A new study published in the journal Gastroenterology, revealed that bile ducts malformation could cause serious liver disease in children with Alagille Syndrome. Using a mouse model the researchers found a new biomarker for bile duct malformation that could provide a way for development of new therapy.
Alagille Syndrome is a rare genetic disorder; globally it affects about 2 in 100,000 children. Some of them become very ill with chronic liver and heart problems, sometimes with serious cases that require a transplant. The symptoms includes, itching, deformities of the eyes or bones due to the mutation in JAGGED1 gene. Even it can affect kidney health, and can cause growth disorders in children.

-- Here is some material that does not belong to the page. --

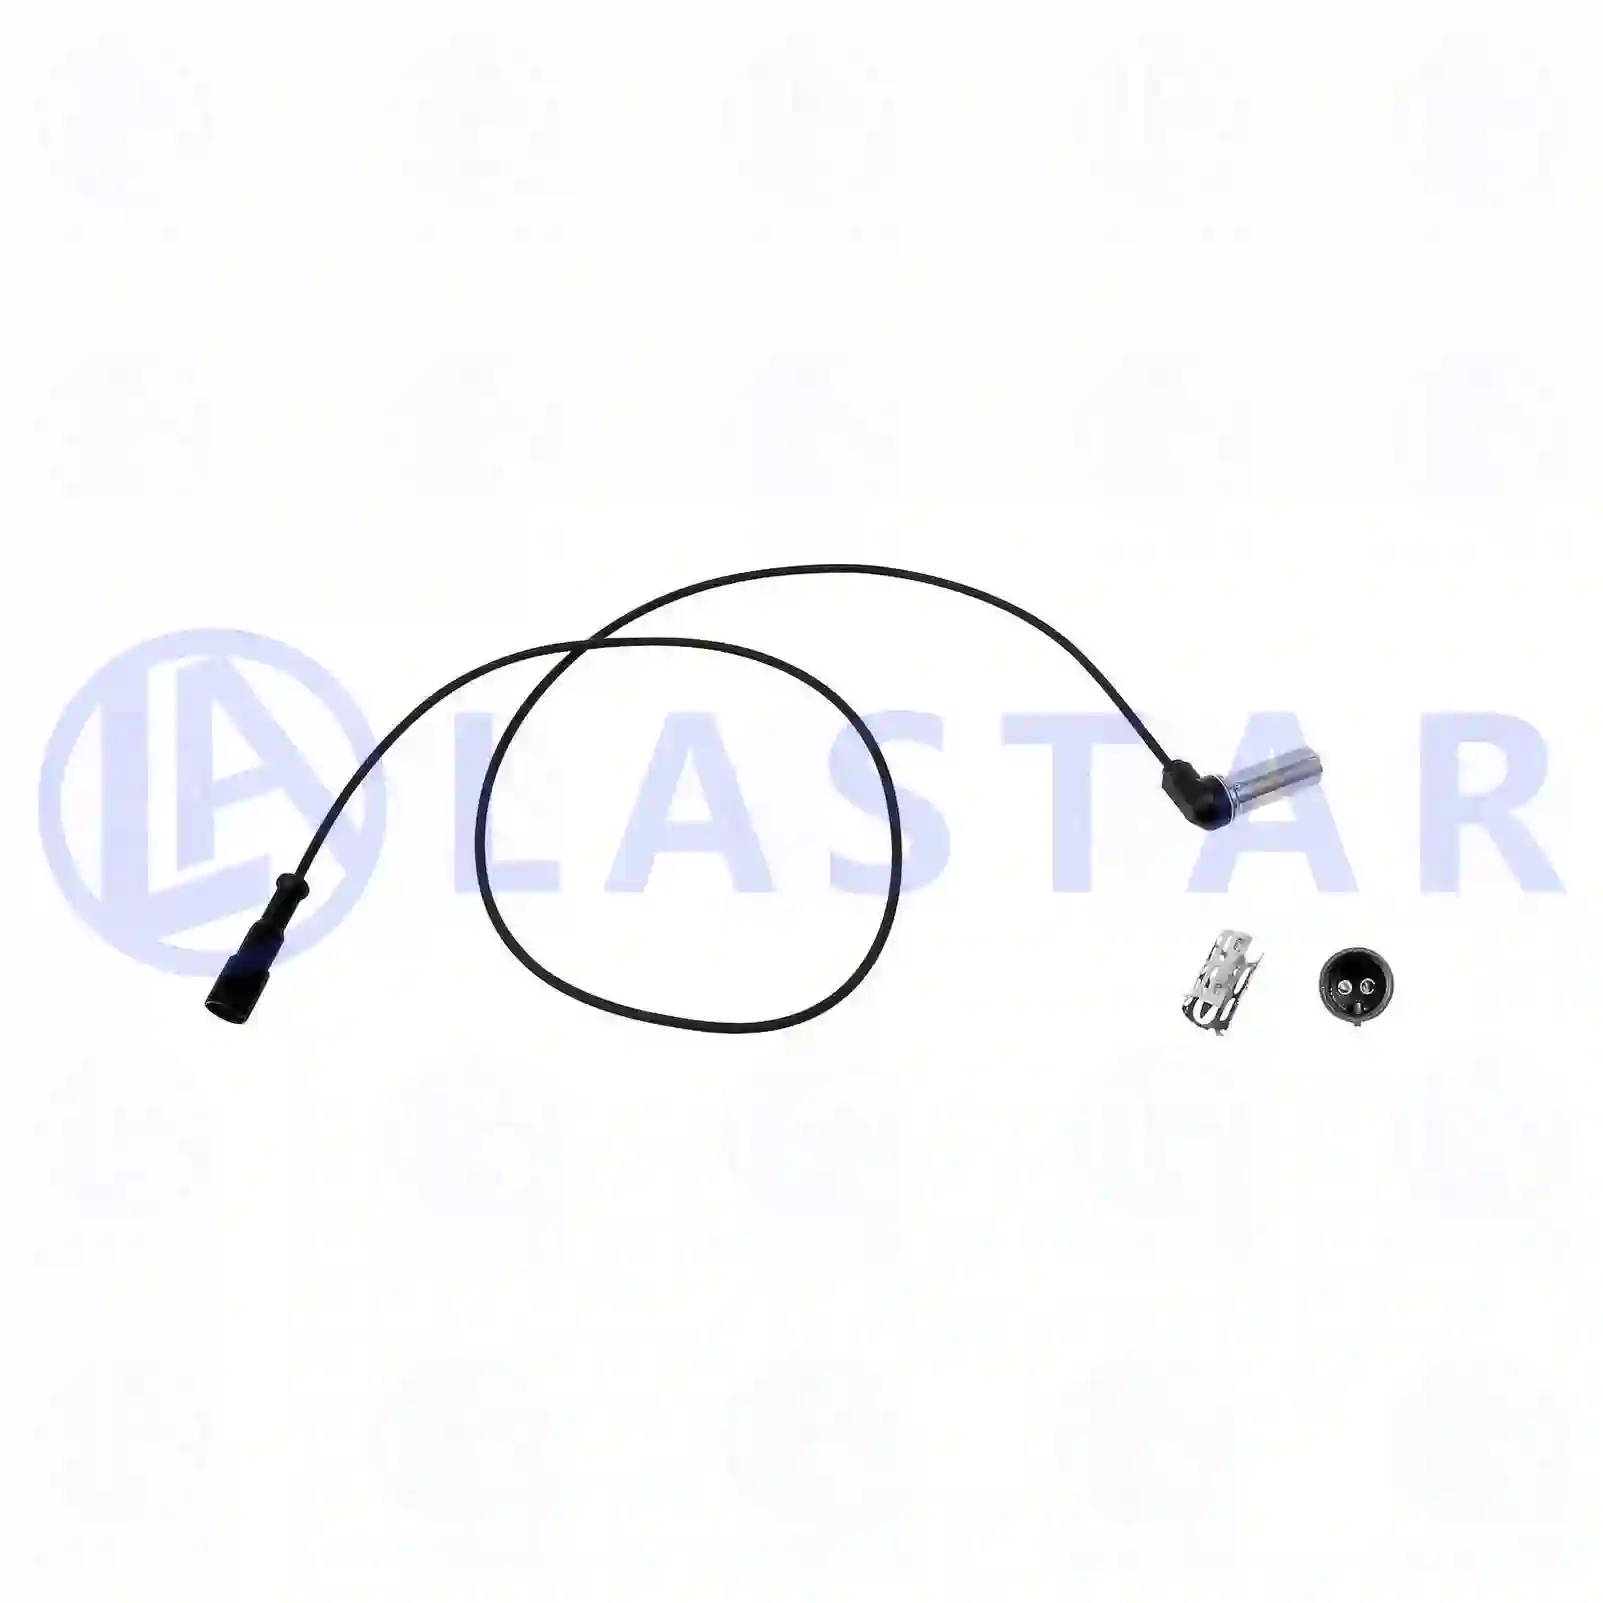  ABS sensor || Lastar Spare Part | Truck Spare Parts, Auotomotive Spare Parts

The researchers at Karolinska Institute in Sweden discovered with the aid of a new mouse model that mutation of JAGGED1 gene could cause the deformity in certain cell types as well as in bile ducts of liver. The substitution of a specific amino acid coded for Notch ligand in JAGGED1, interrupt the Notch ligand and the Notch 1 receptors interaction, the researchers found.
“The discovery is important and opens up possibilities for new, more specific treatments," says Emma Andersson, assistant professor at Karolinska Institute’s Department of Biosciences and Nutrition. "We hope to be able to use our mouse model to understand the disease better, predict which children will need a transplant and ultimately find a cure."
Additionally the researchers received liver biopsy from patients and studied it using RNA sequencing. "The liver samples were the most important piece of the puzzle for our study," says Dr Andersson.
The comparison of mouse model and liver biopsy results shows that the study findings are relevant to human. Additionally the researchers could find a new biomarker for malformation of bile duct in patient with Alagille Syndrome, which would pave the way for identification of new and more effective treatment.